IV- Autorités chargées de la signature et organes de l’approbation des marchés publics

A- Autorité signataire

Le pouvoir de signer un marché public appartient à l’autorité qui a la qualité requise pour représenter la personne morale pour le compte de laquelle le marché est conclu. La signature et l’approbation des marchés publics ne peuvent en aucun cas être le fait de la même autorité quelle que soit la personne morale publique ou privée en cause.

B- Autorité approbatrice

Le Ministre chargé des marchés publics est compétent pour approuver tous les marchés de l’Etat ou des établissements publics d’un montant supérieur ou égal au seuil de validation de la structure administrative chargée du contrôle des marchés publics. Le Ministre de tutelle de l’unité de gestion administrative est compétent pour approuver les marchés des services centraux ou des établissements publics d’un montant inférieur au seuil précité. Le Préfet du département est compétent pour approuver les marchés des services extérieurs des administrations centrales, ainsi que ceux des Etablissements Publics Nationaux et des Projets situés en région. Le Conseil d’administration est compétent pour approuver les marchés des sociétés d’Etat et des personnes morales mentionnées à l’article 2 du Code des marchés publics. L’approbation des marchés passés par les Institutions, structures ou organes de l’Etat créés par la Constitution, la loi ou le règlement, notamment la Présidence de la République, l’Assemblée Nationale, le Conseil Economique, Social, Environnemental et Culturel ainsi que toute autre institution, structure ou organe similaire mentionnés à l’article 2 du Code des marchés publics, relève des autorités légalement compétentes pour représenter lesdits Institutions, structures ou organes.
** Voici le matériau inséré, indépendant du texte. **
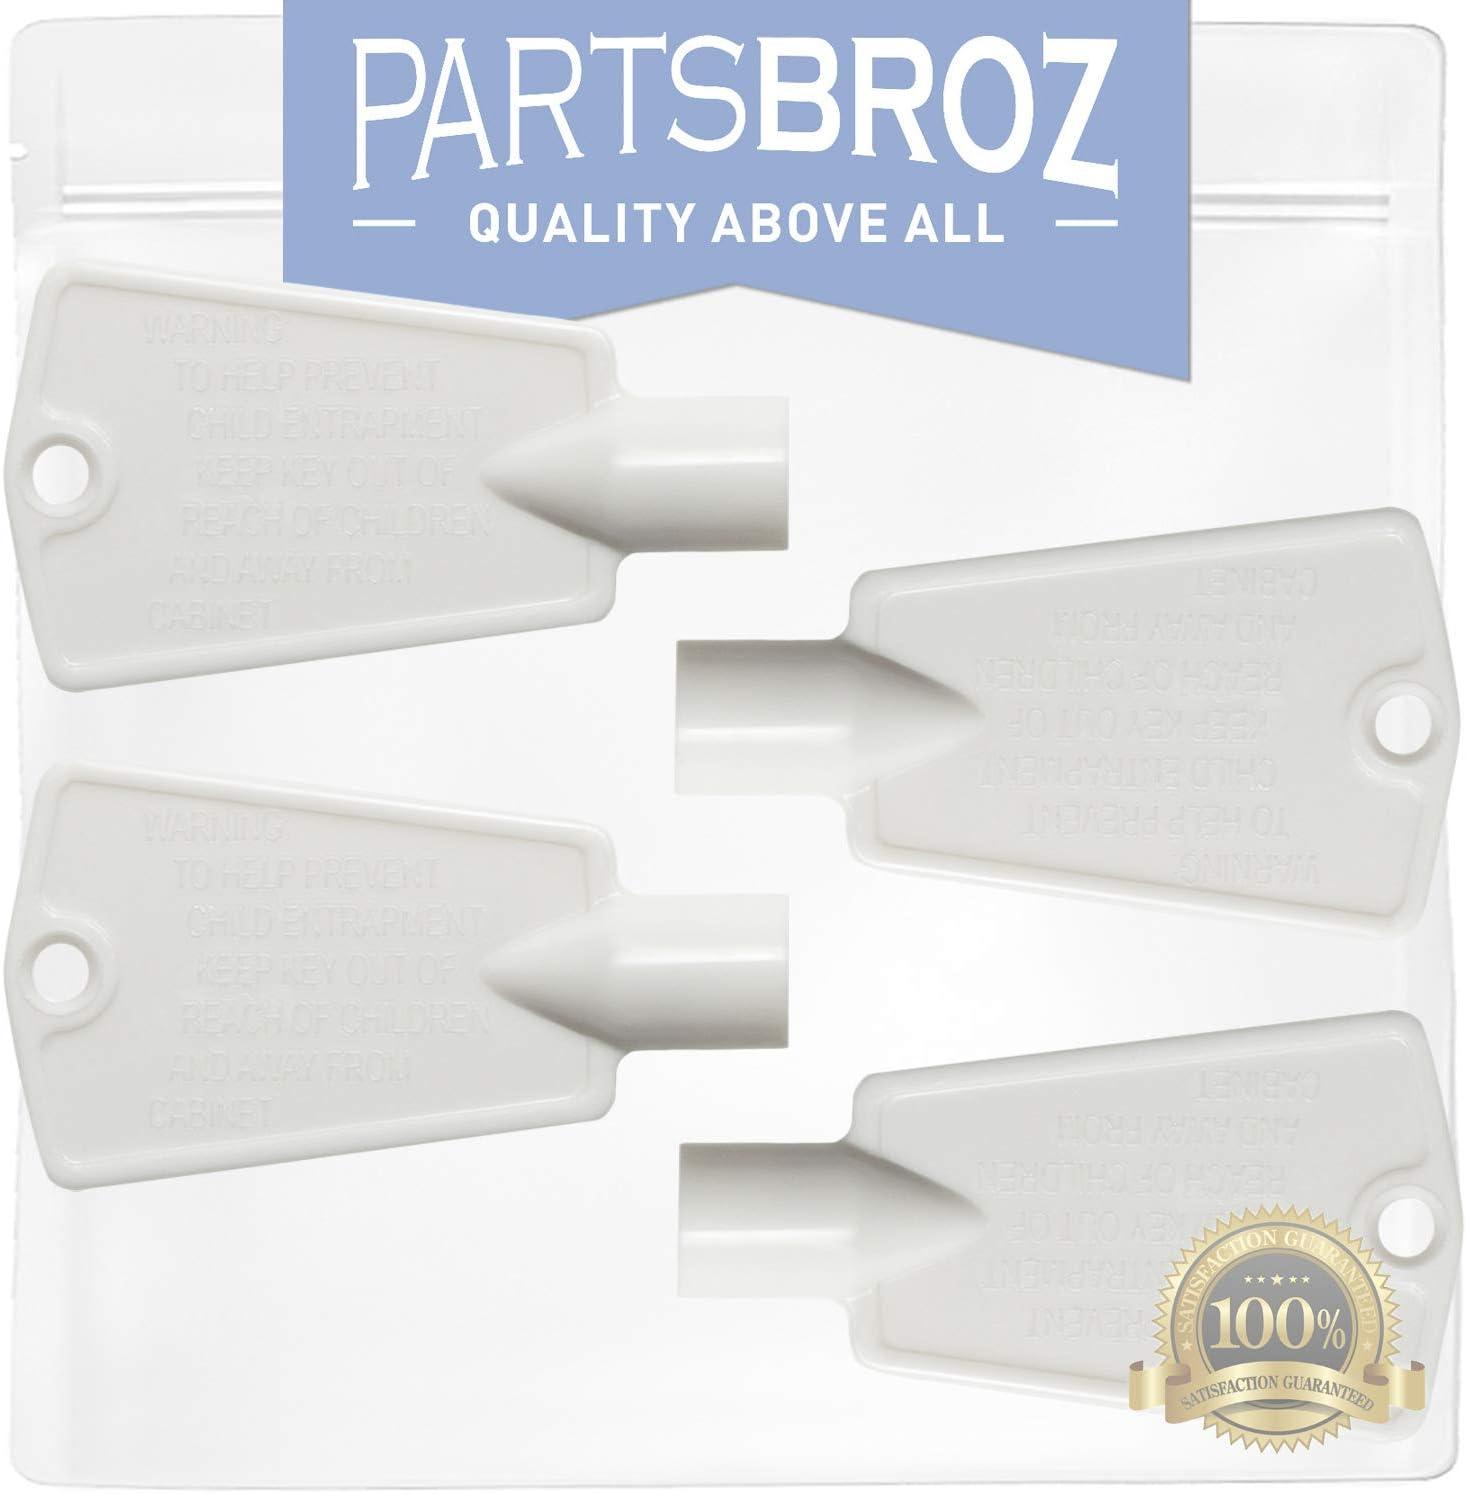 297147700 (4-Pack) Freezer Door Keys for Frigidaire Freezers by PartsBroz - Replaces AP4301346, 216702900, 06599905, 08037402, 1259502, 216388700, 5308027402, 5308037402, 6599905, PS1991481 617bazlE1PL
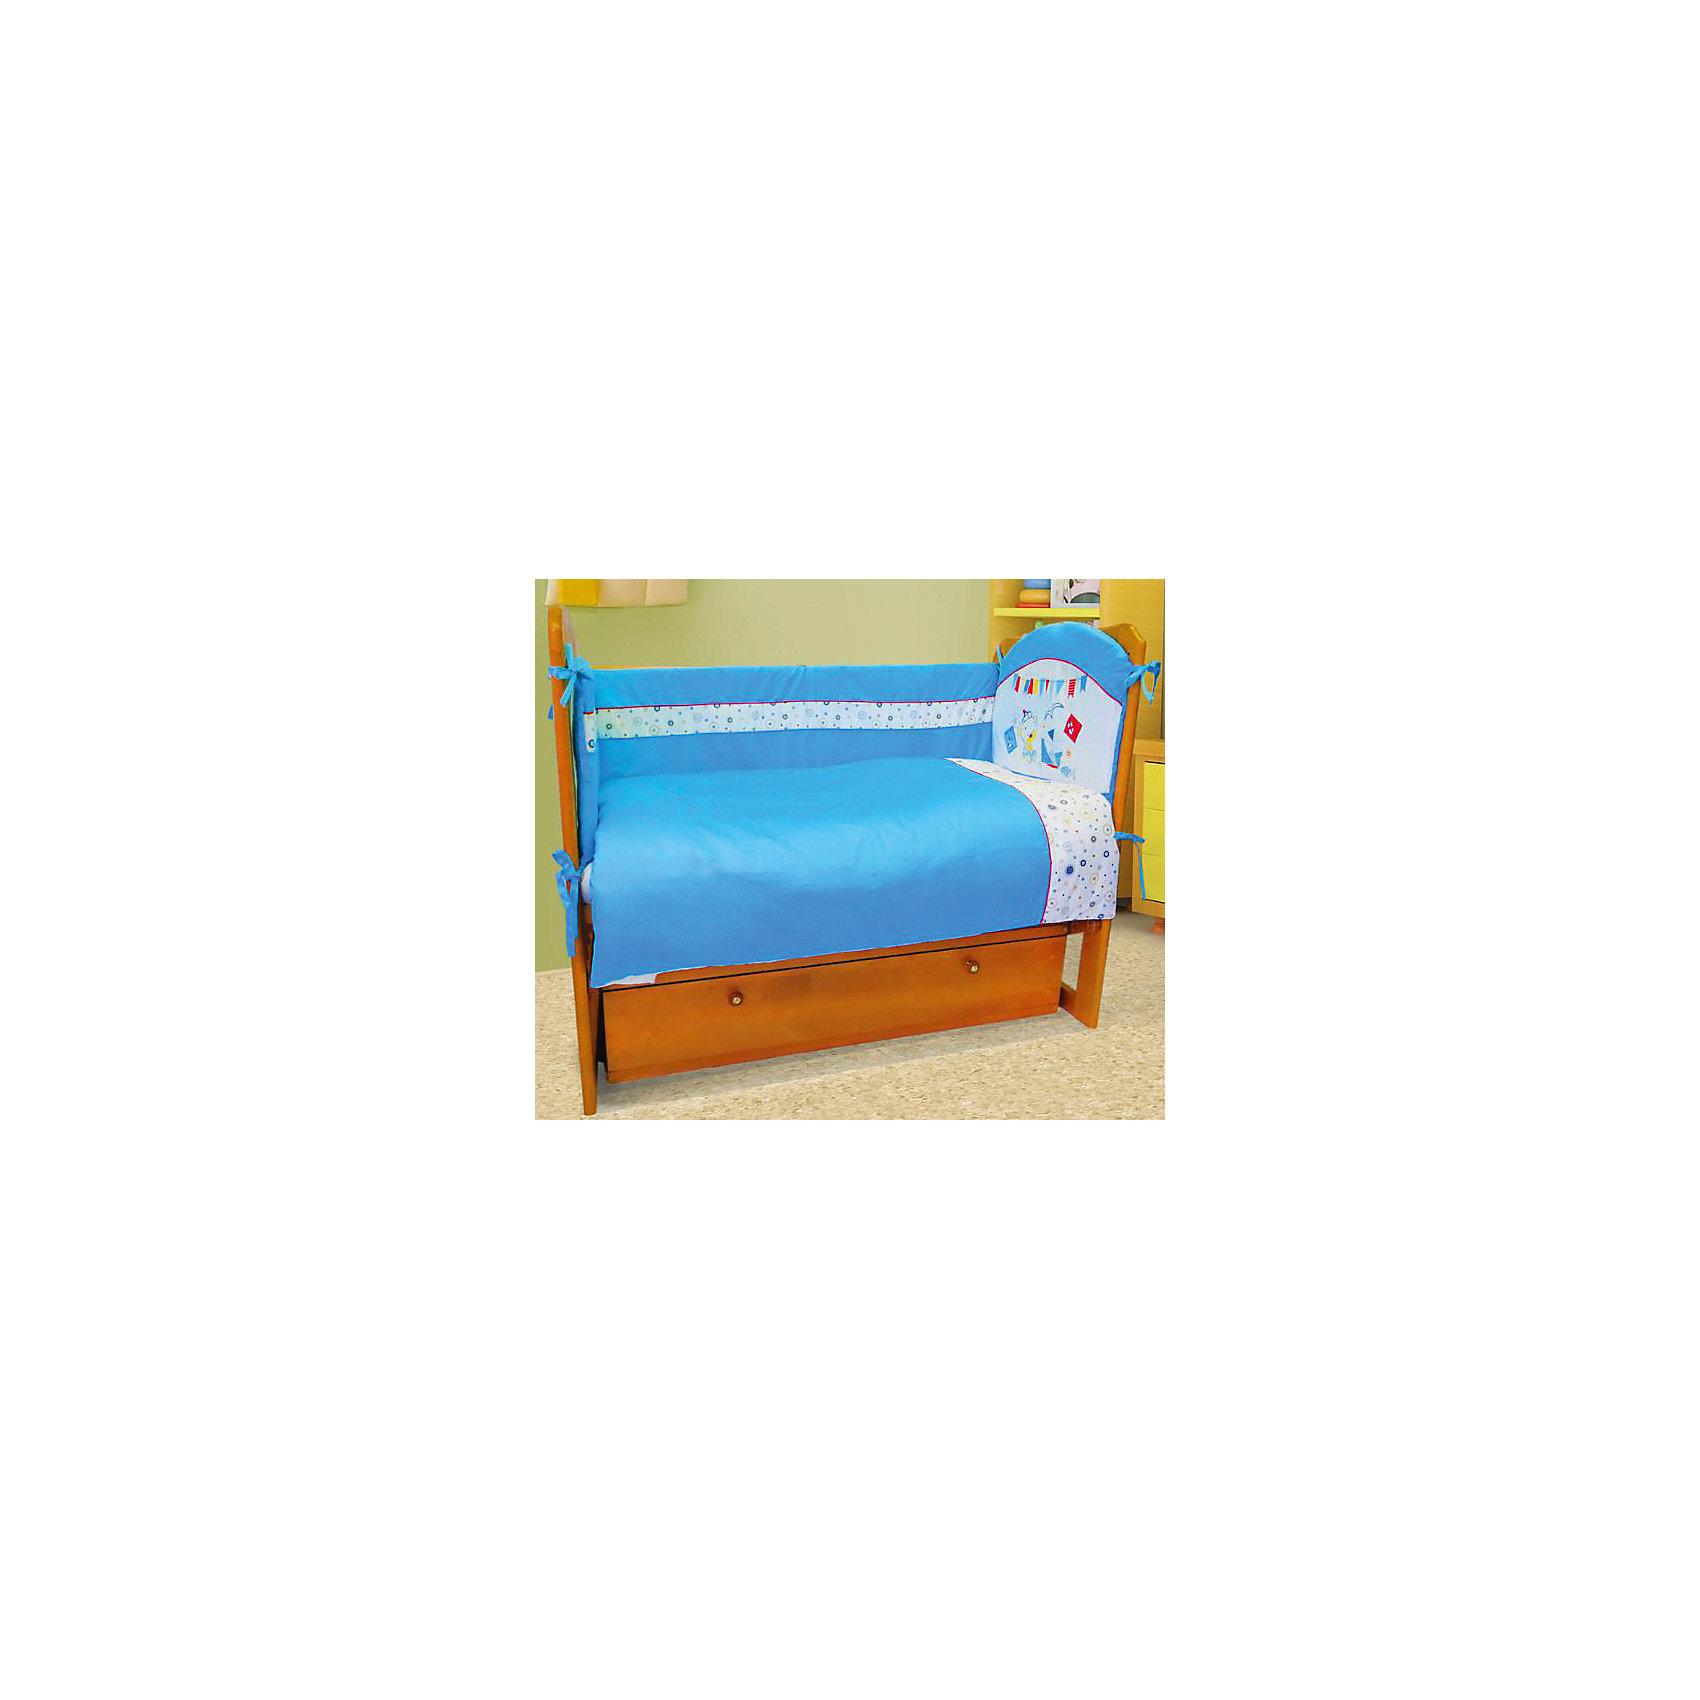 Постельное белье МОРСКОЙ 6 пред., Soni kids, голубойПостельное бельё<br>Красивый и очень нежный комплект детского постельного белья, состоящий из шести предметов.<br><br>Такой комплект станет прекрасным подарком для родителей и малыша! <br><br><br>Дополнительная информация:<br><br>- Размеры: <br> Одеяло 140х110 см.<br> Пододеяльника 142х112 см.<br> Бортик на всю кроватку.<br> Простынке на резинке 150х90 см.<br> Подушка 40х60 см.<br> Наволочка 40х60 см. <br>- Возраст: до 3 лет.<br>- Состав: 100% высококачественный хлопок.<br>- Наполнитель: импортный гладко окрашенный сатин.<br>- Цвет: голубой.<br>- Размер упаковки: 25х60х45 см.<br>- Вес в упаковке: 1200 г.<br><br>Купить постельное белье МОРСКОЙ от Soni kids в голубом цвете, можно в нашем магазине.<br><br>Ширина мм: 250<br>Глубина мм: 600<br>Высота мм: 450<br>Вес г: 1200<br>Возраст от месяцев: 0<br>Возраст до месяцев: 36<br>Пол: Мужской<br>Возраст: Детский<br>SKU: 4905948

Les autorités approbatrices définies au présent article, peuvent déléguer leur pouvoir en matière d’approbation des marchés dans des conditions qu’elles fixent par arrêté ou par décision. Le Conseil d’administration des sociétés d’Etat ou des personnes morales mentionnées à l’article 2 du Code des marchés publics peut déléguer son pouvoir d’approbation au Directeur général dans les limites d’un seuil de dépenses qu’il fixe par délibération. Les marchés qui n’ont pas été approuvés conformément aux dispositions du Code des marchés publics sont nuls.